How to Improve the Customer Experience in Your Call Center

The customer experience that your call center delivers is critical to your organization’s reputation and success. There are few other instances in which your business has as much direct communication with its customers as during a service or support call.
A single conversation can permanently alter a customer’s entire impression of your brand and make or break their trust in your solution. The cost of poor customer service is simply too high.

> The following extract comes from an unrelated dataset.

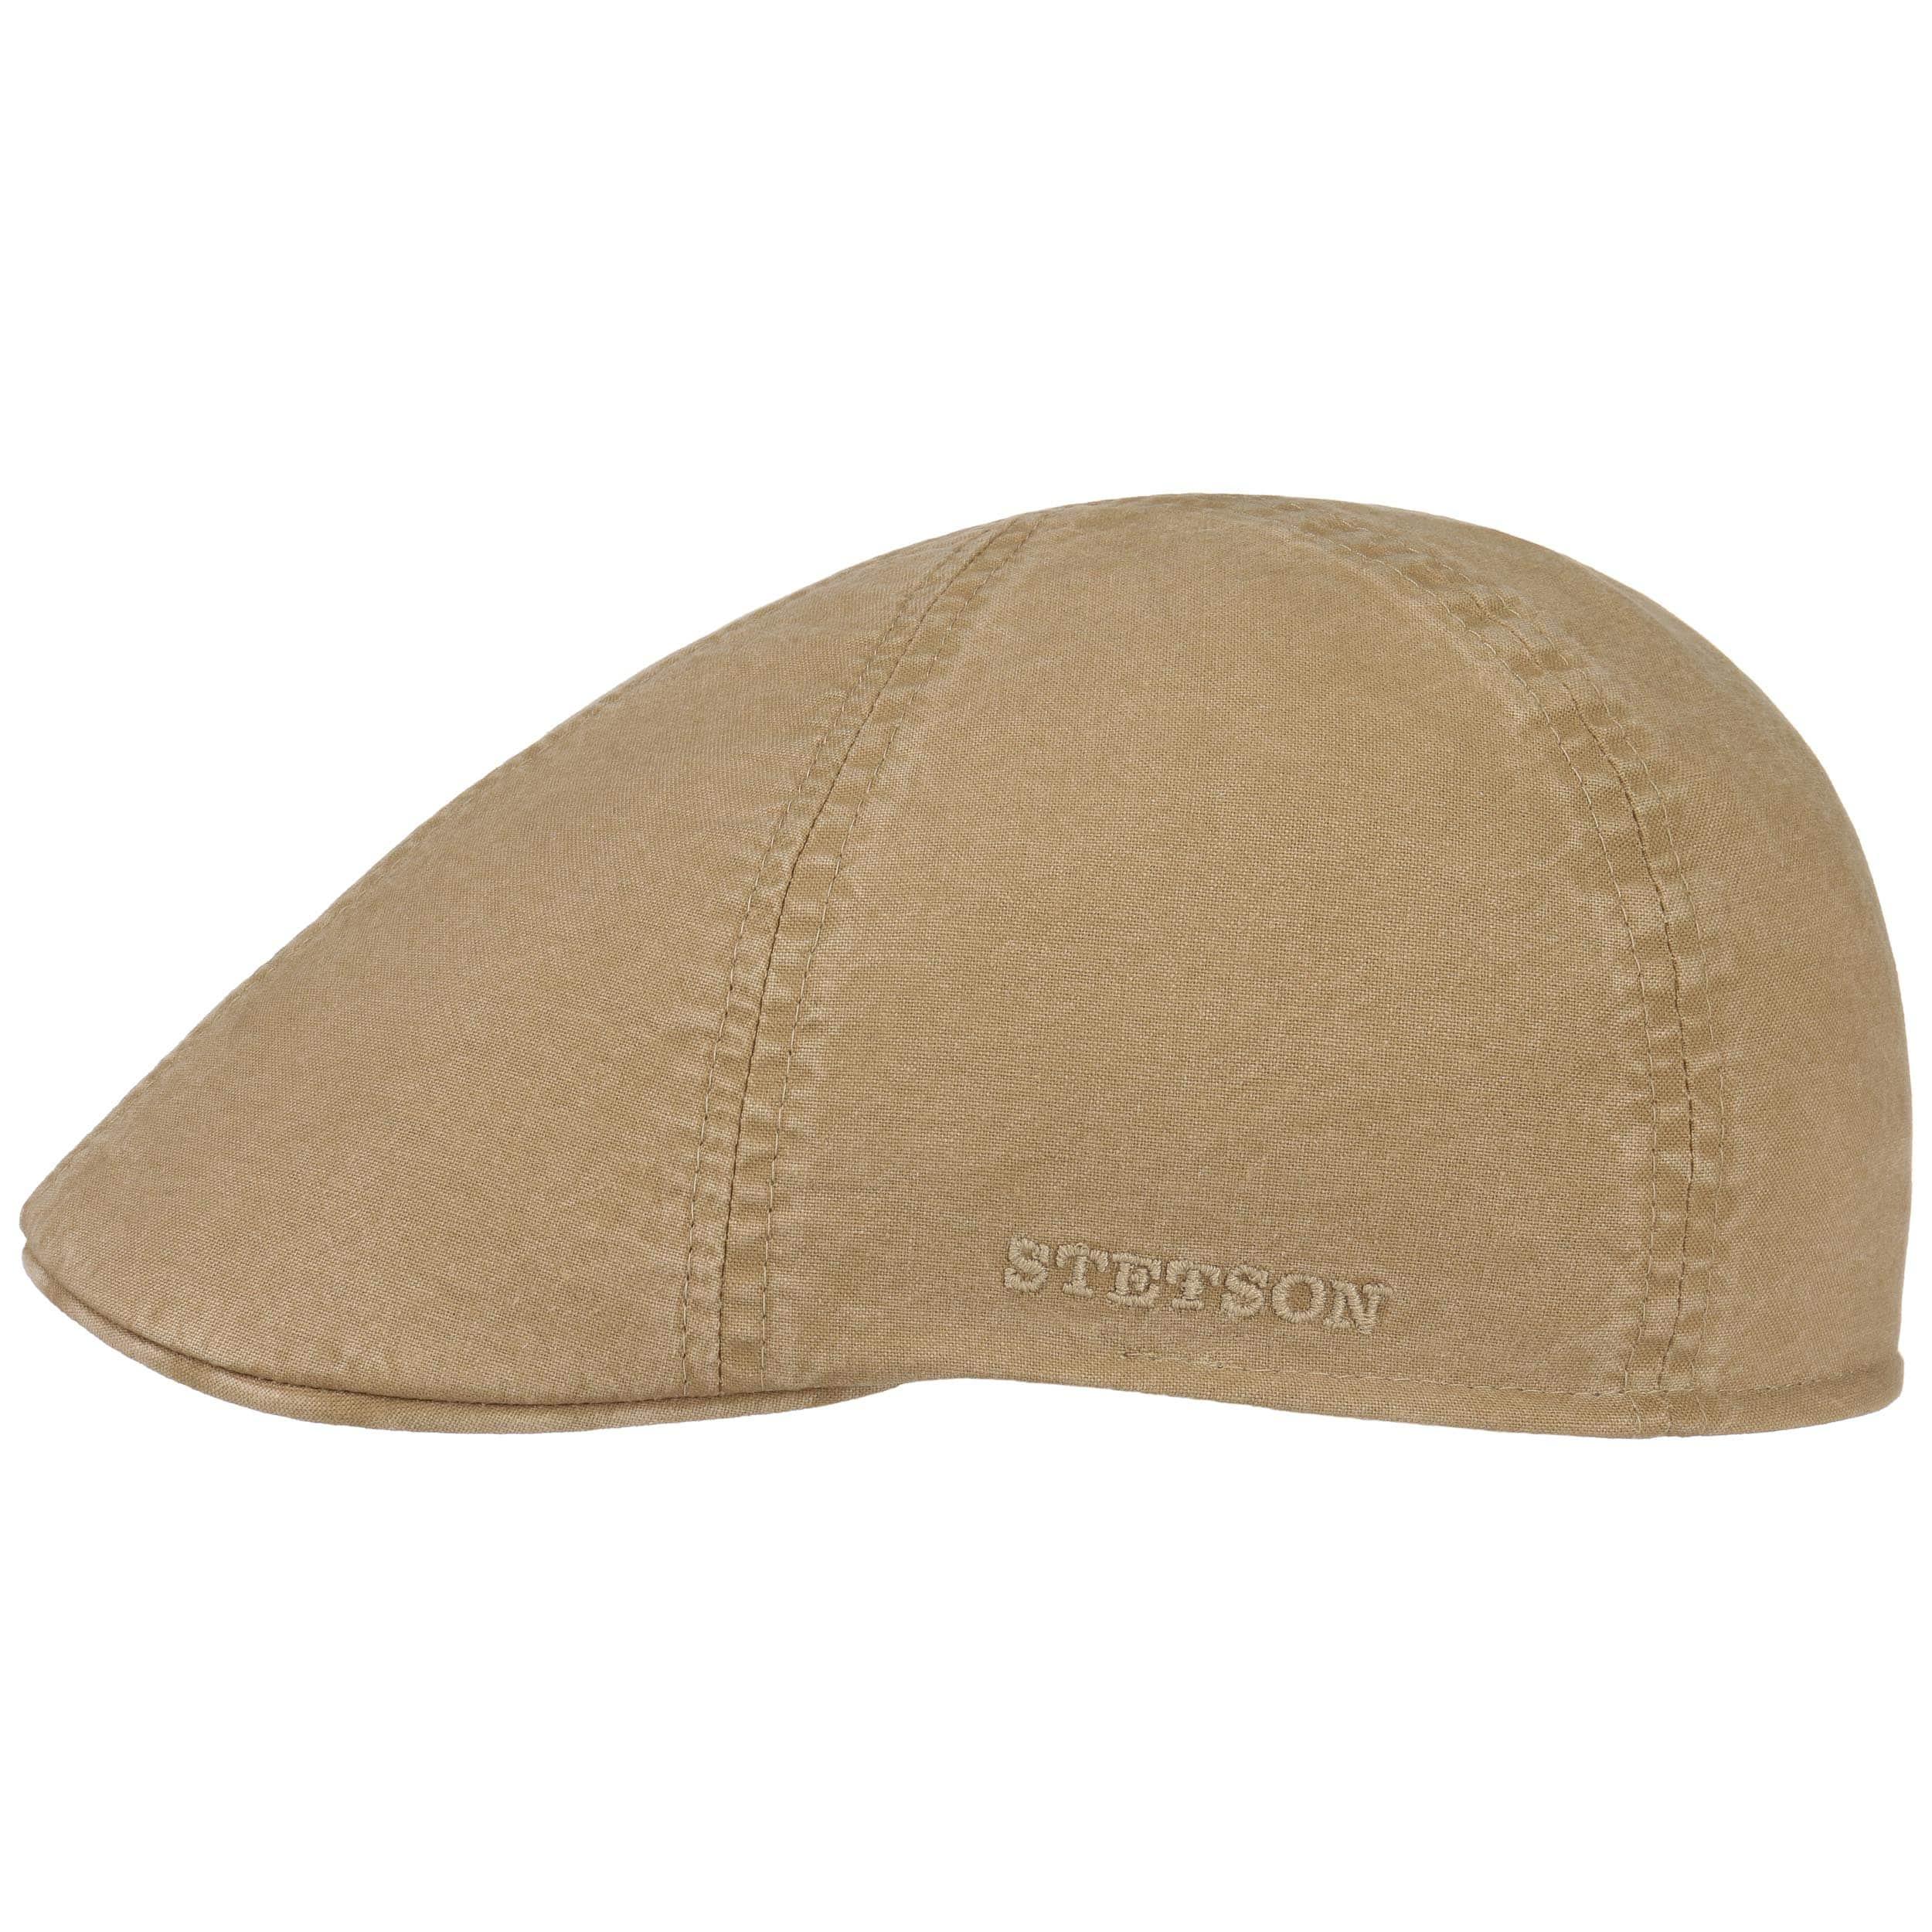 Fodera Fodera Estate//Inverno Stetson Coppola Texas Grenville Check Uomo Made in The EU Cotton cap Cappello Piatto Berretto Lino con Visiera

To start improving your call center operations and elevate your customer experience, try these 10 tips:
1. Listen to Your Customers
This might seem like overly simple advice, but you’d be surprised how many call centers base their entire workflow—including scripts and escalation protocol—on assumptions and spotty, outdated data.
A line once added for clarification might now come across as irrelevant or condescending to more sophisticated customers. Similarly, highly technical information may be so far over some customers’ heads that it frustrates them.
To ensure you’re delivering the best possible experiences, take time to listen to your customers and learn more about their challenges and needs.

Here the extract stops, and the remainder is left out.